_Exercise prompt_.
Please give back the listing below word for word and drop any images.

_Data section_.

..........

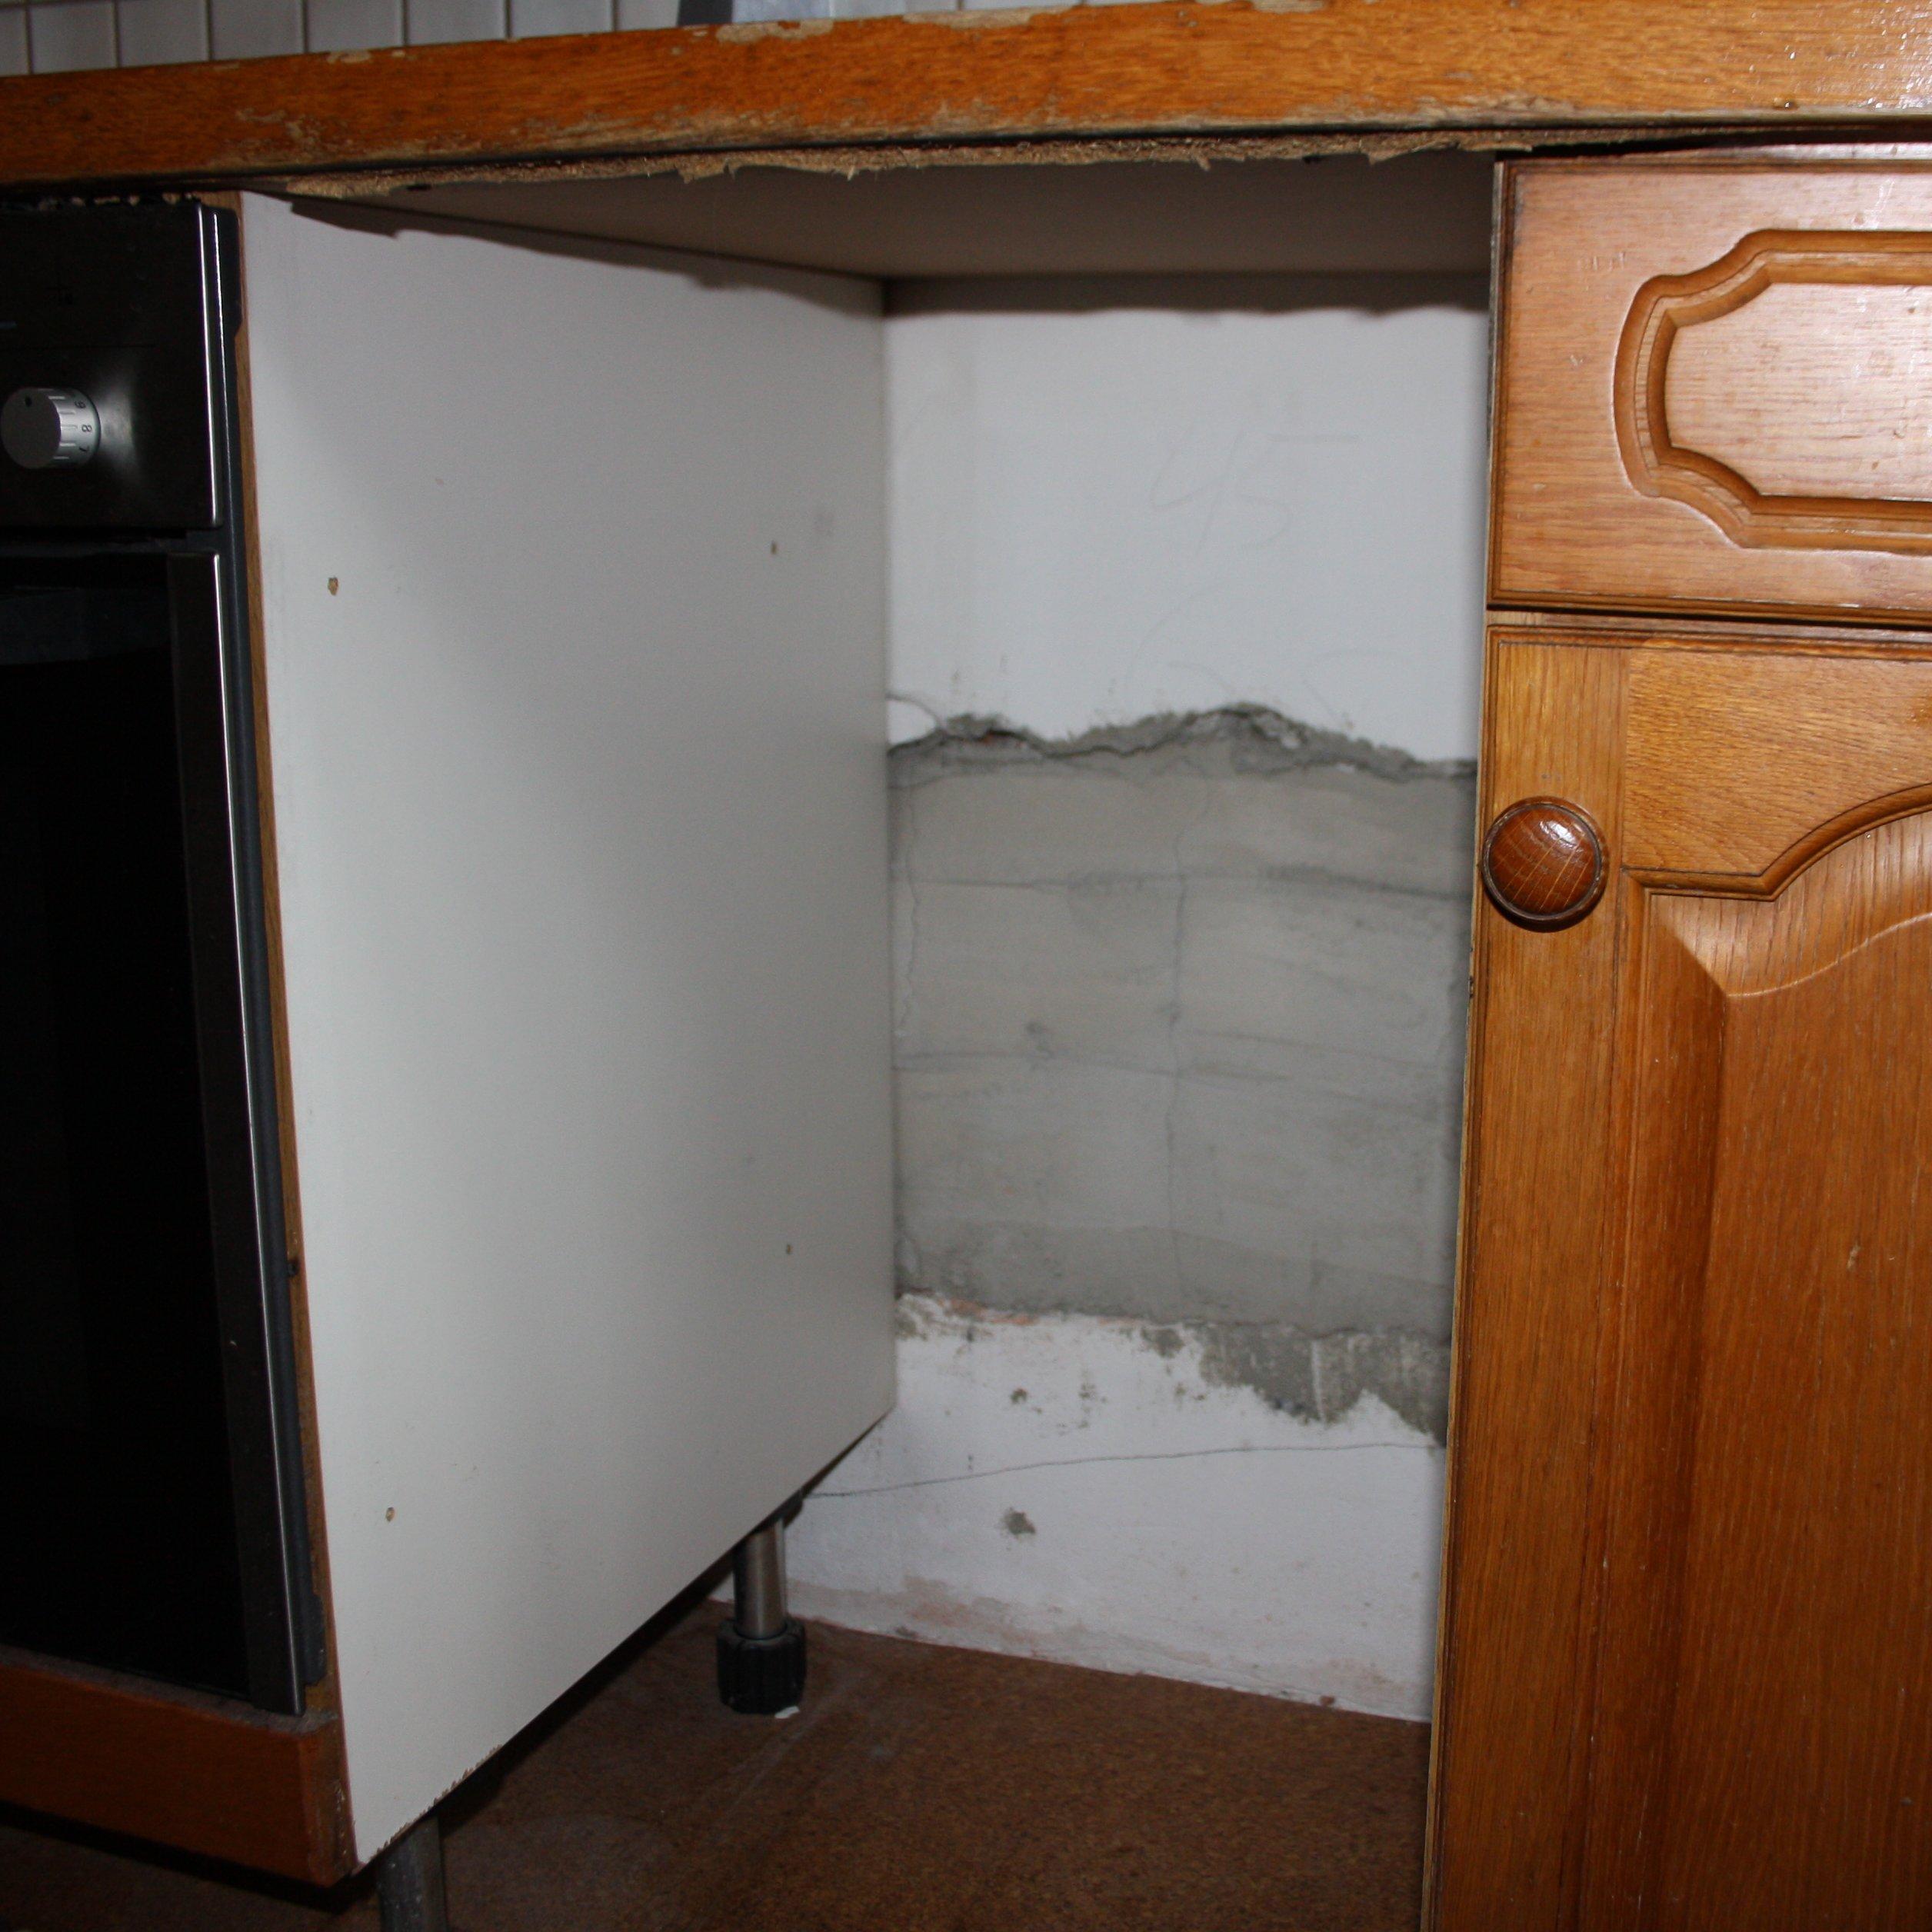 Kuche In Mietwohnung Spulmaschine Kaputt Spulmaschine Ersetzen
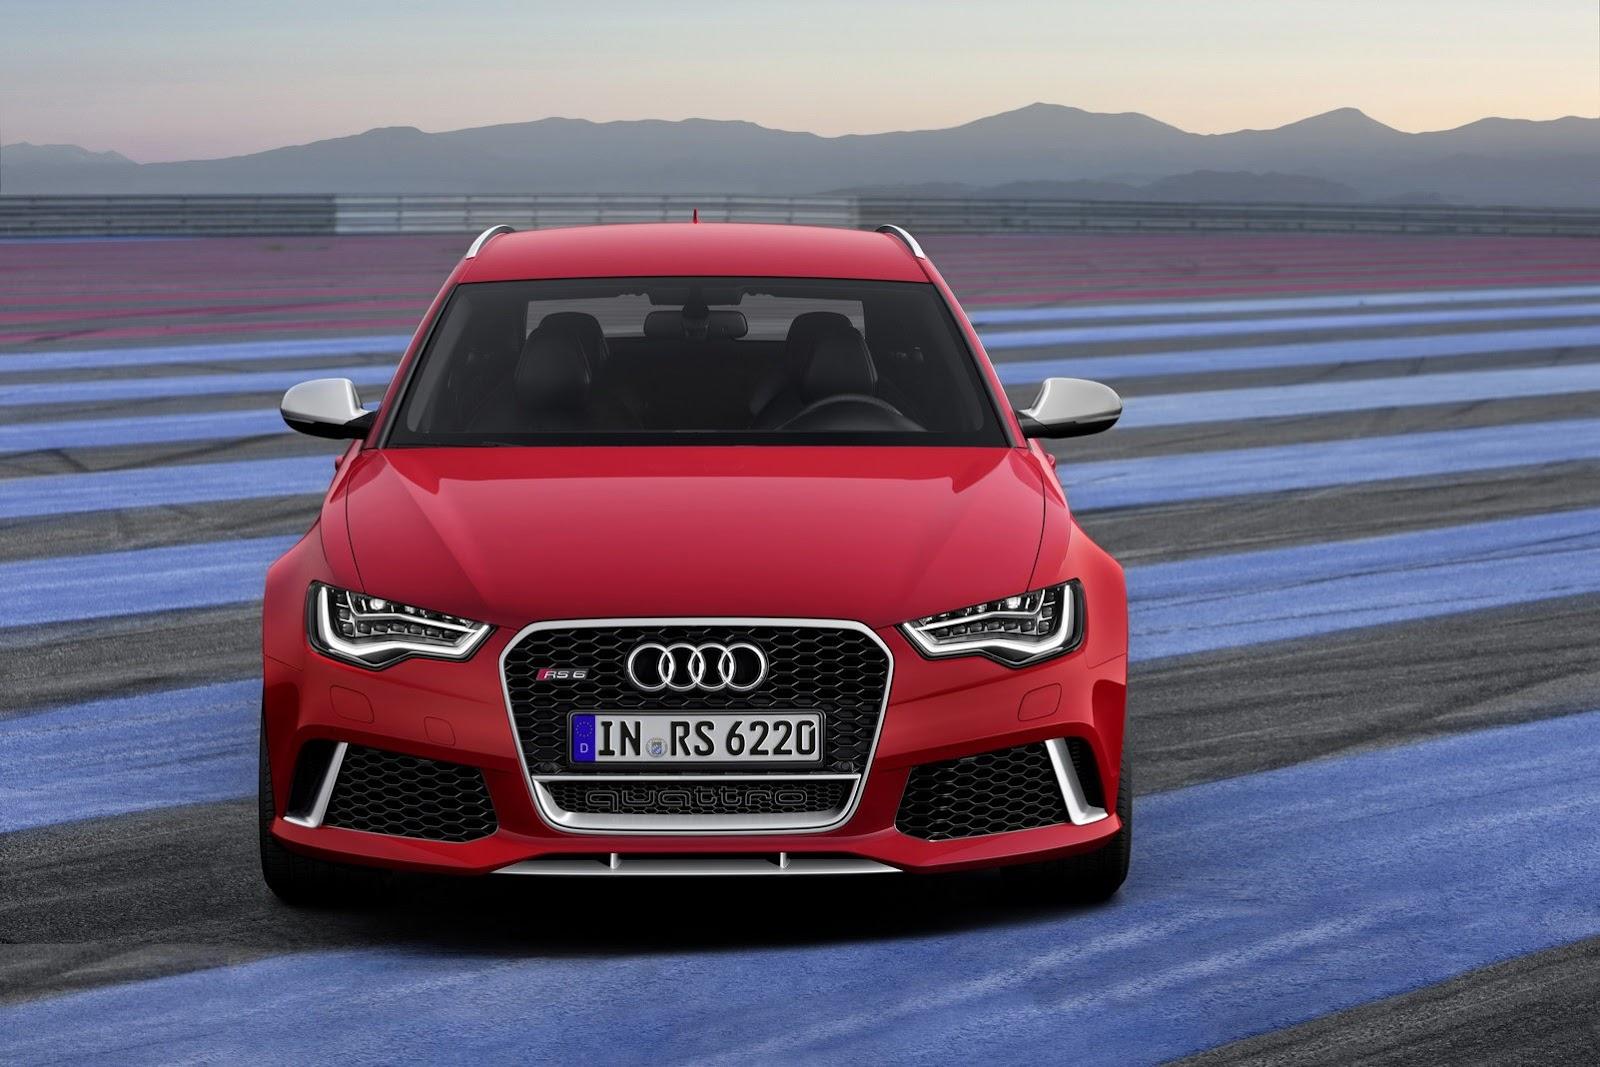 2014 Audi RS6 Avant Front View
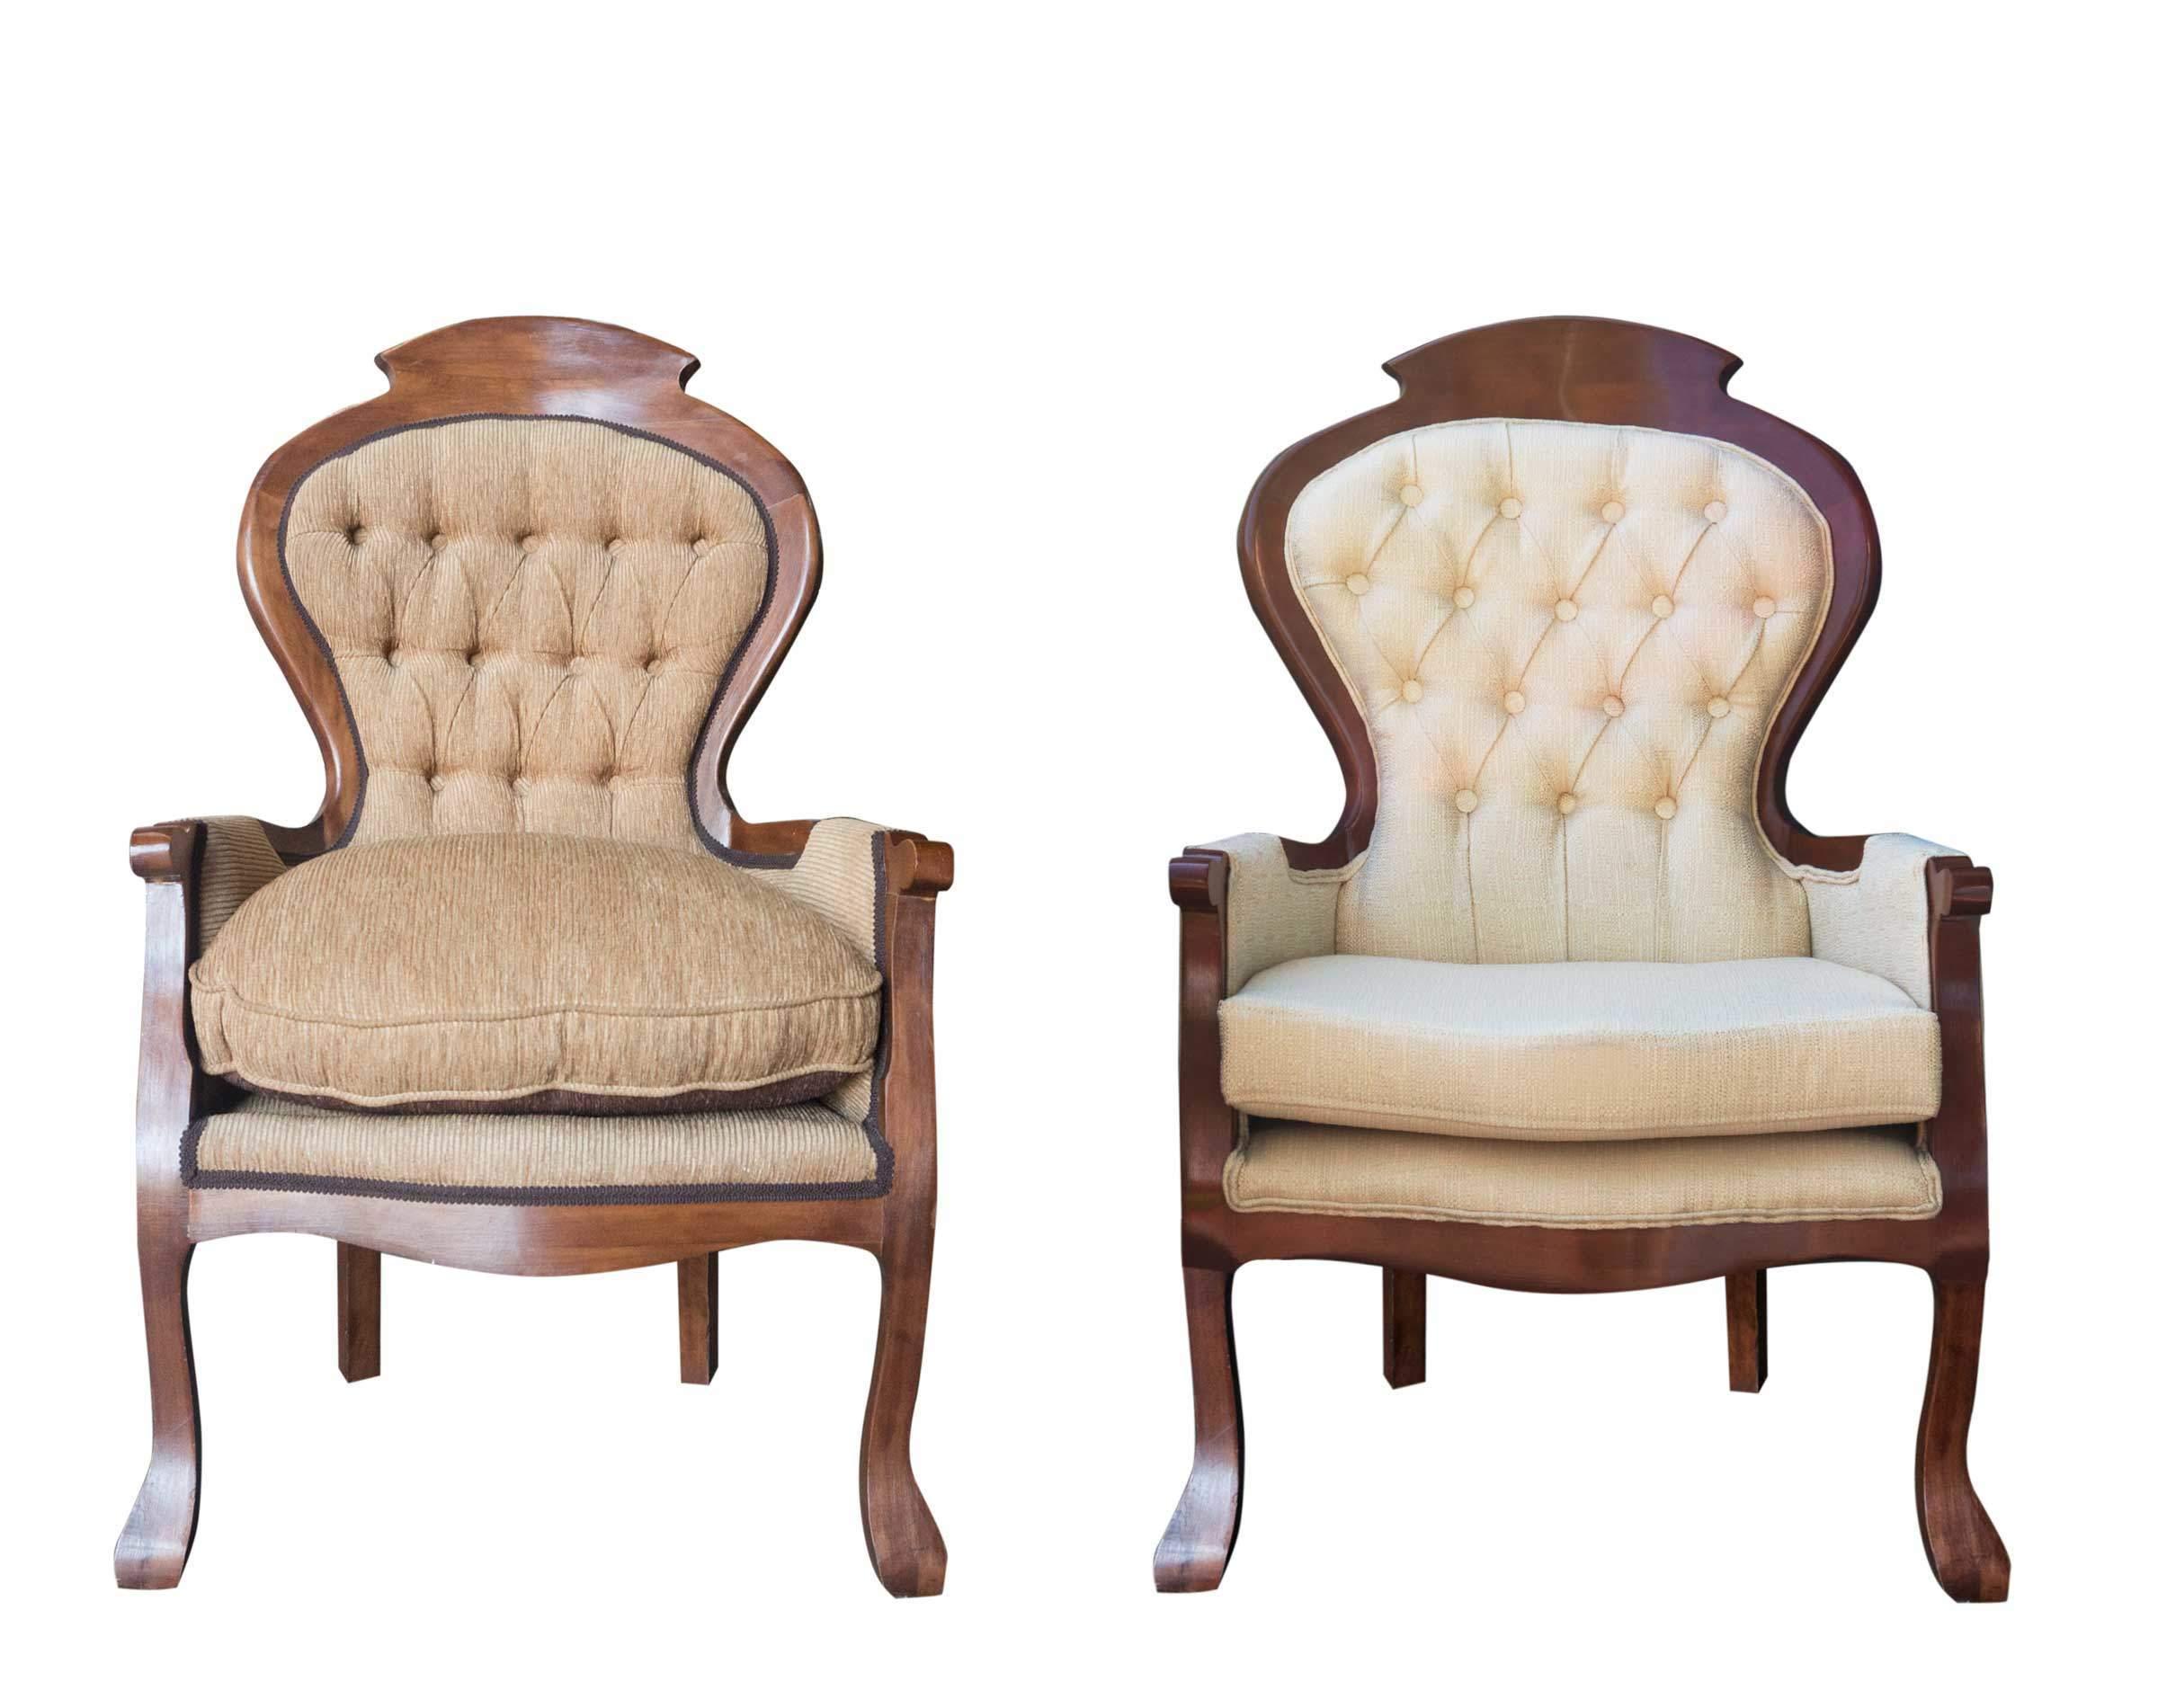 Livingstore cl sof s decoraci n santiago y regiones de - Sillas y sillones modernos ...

..........

_Result of the task_.
 Kuche In Mietwohnung Spulmaschine Kaputt Spulmaschine Ersetzen
 2014 Audi RS6 Avant Front View
 Livingstore cl sof s decoraci n santiago y regiones de - Sillas y sillones modernos ...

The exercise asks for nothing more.